Откашлявшись до рвоты, Федорыч в изнеможении откинулся на тротуаре, с ужасом понимая, что не сможет пошевелиться, даже если пылающие и разлетающиеся головни начнут падать прямо на него…
Но тут он увидел такое, что показалось ему пострашней огня, ибо нашлись и силы. И Федорыч опять, и очень даже резво, встал на четвереньки и ухнул в темноту, подальше от горящего дома, как можно подальше…

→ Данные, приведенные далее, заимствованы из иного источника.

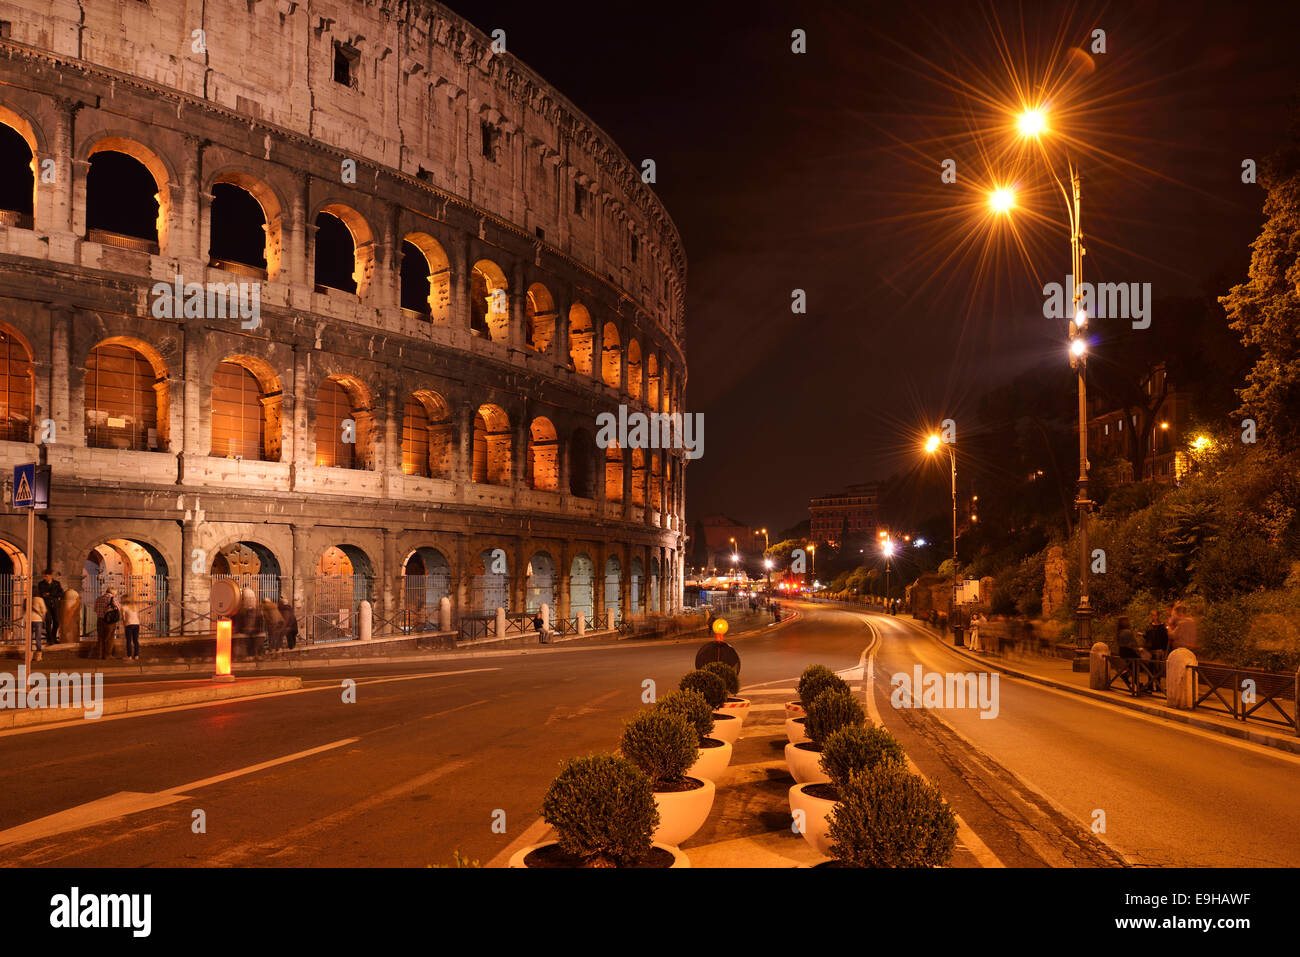 Illuminated Colosseum at night, Rome, Italy Stock Photo

А за его спиной, на фоне огненных отсветов, оставался человек… Уже виденный прежде Сивым красавец с широким разворотом плеч. Однажды увидев, Сивый хорошо запомнил этот зловещий силуэт в длинном темном плаще.

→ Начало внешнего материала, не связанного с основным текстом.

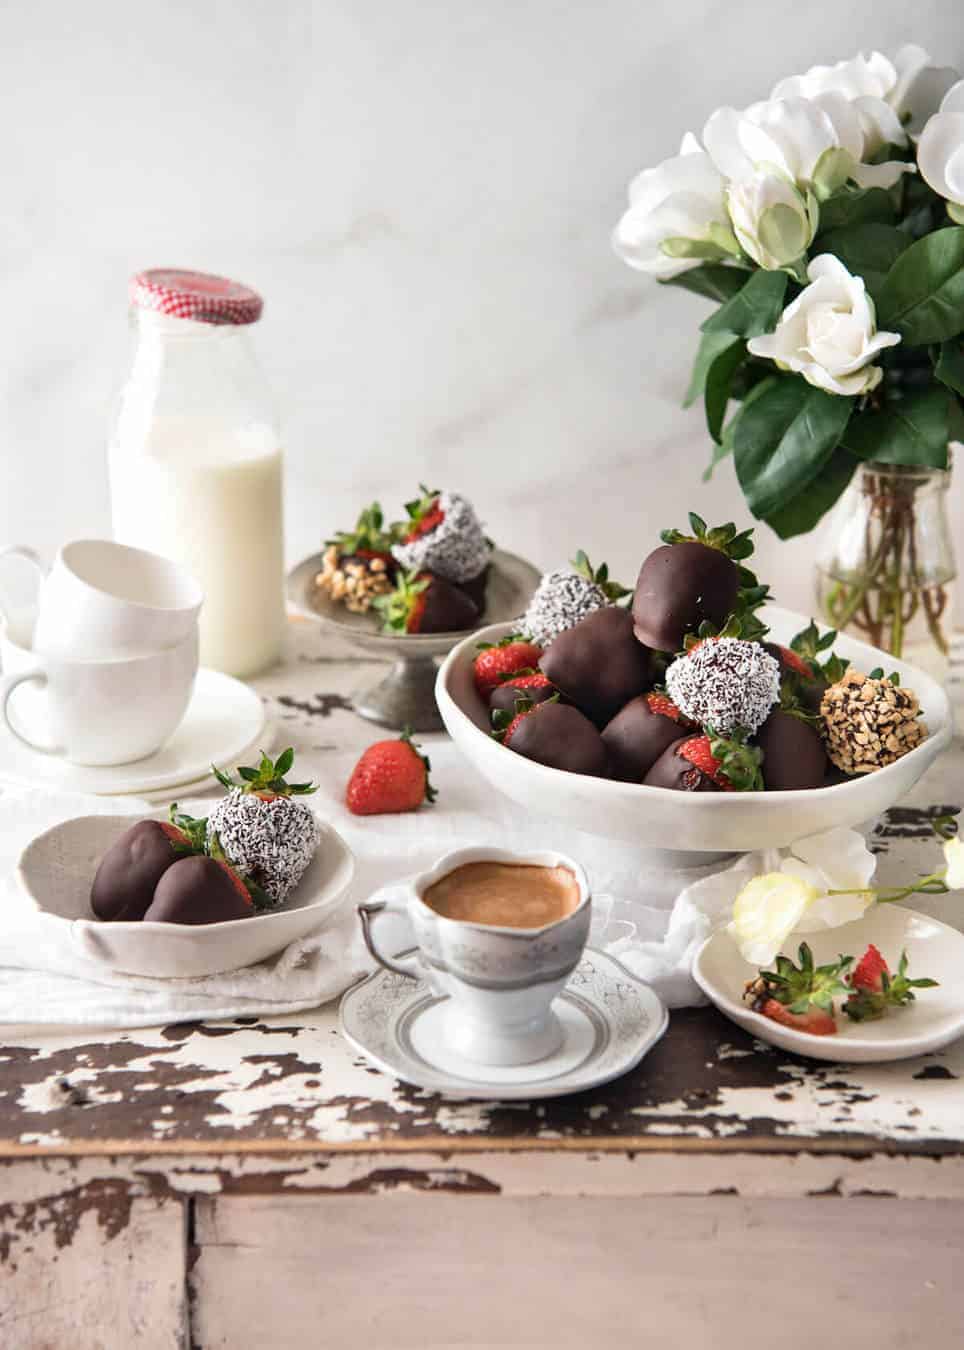 表用巧克力覆盖的草莓，咖啡和牛奶瓶盖。gydF4y2Ba

Не замечая выбравшегося из дома Сивого, человек стоял неподвижно рядом с пожаром, завороженно любуясь огнем.
Может, конечно, Федорыч и ошибался. Может, его сегодняшняя посетительница и не была видением, а просто похожа была эта девушка на ту, привидевшуюся ему тогда, то ли во сне, то ли наяву, в загорающемся доме. Но решил он не искушать судьбу: не быть неблагодарным. И когда посетительница, назвавшаяся Аней, стала его расспрашивать, честно ей все рассказал.

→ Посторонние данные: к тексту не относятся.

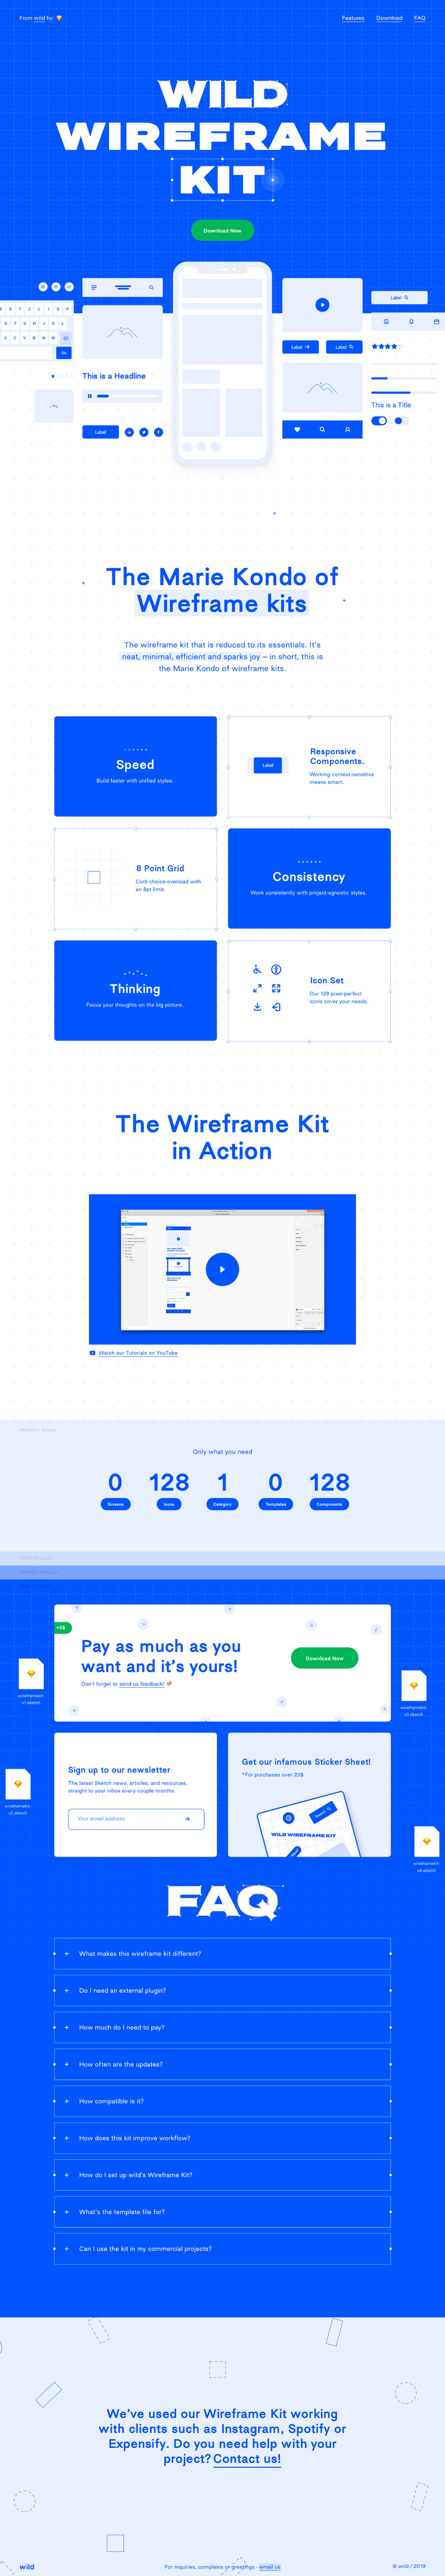 Wild Wireframe Kit

– На кого он похож-то был, Федорыч? – ласково, располагающим к откровенности голосом спросила Аня. – Описать его можешь?
– Как из фонда Олег Иванович, дай бог ему здоровья… Такой же громила.
Нет, Аня не хотела в это верить…
Просто все случилось в тот день, когда капитан, как выражается Сивый, «погнал их из фонда». И два изображения – капитана и незнакомца – в результате потрясения могли соединиться в слабых мозгах Сивого в одно.
Все-таки хоть Сивый и идет на поправку, и просветлился тут, а каждое утверждение такого пропойцы со стажем следует делить на сто, как минимум. Человек, который половину сознательной жизни провел на грани белой горячки, может, естественно, и ошибиться. Хотя, если быть честной, Ане стоило огромного труда находить аргументы для этих возражений… То, что сказал Сивый, до ужаса, именно до ужаса – как раз тот самый случай! – было похоже на то, что подозревала она… Совпадало с ее сомнениями!
– Он нас и сжег. Не иначе, – подытожил Сивый печальную повесть.
– А дом можешь показать?
– Не могу.
– Почему?
– Боюсь, дак!
– Боишься?
– Да. Я отсюда теперь никуда.
– А нарисовать? Объяснить? Адрес, хоть приблизительно?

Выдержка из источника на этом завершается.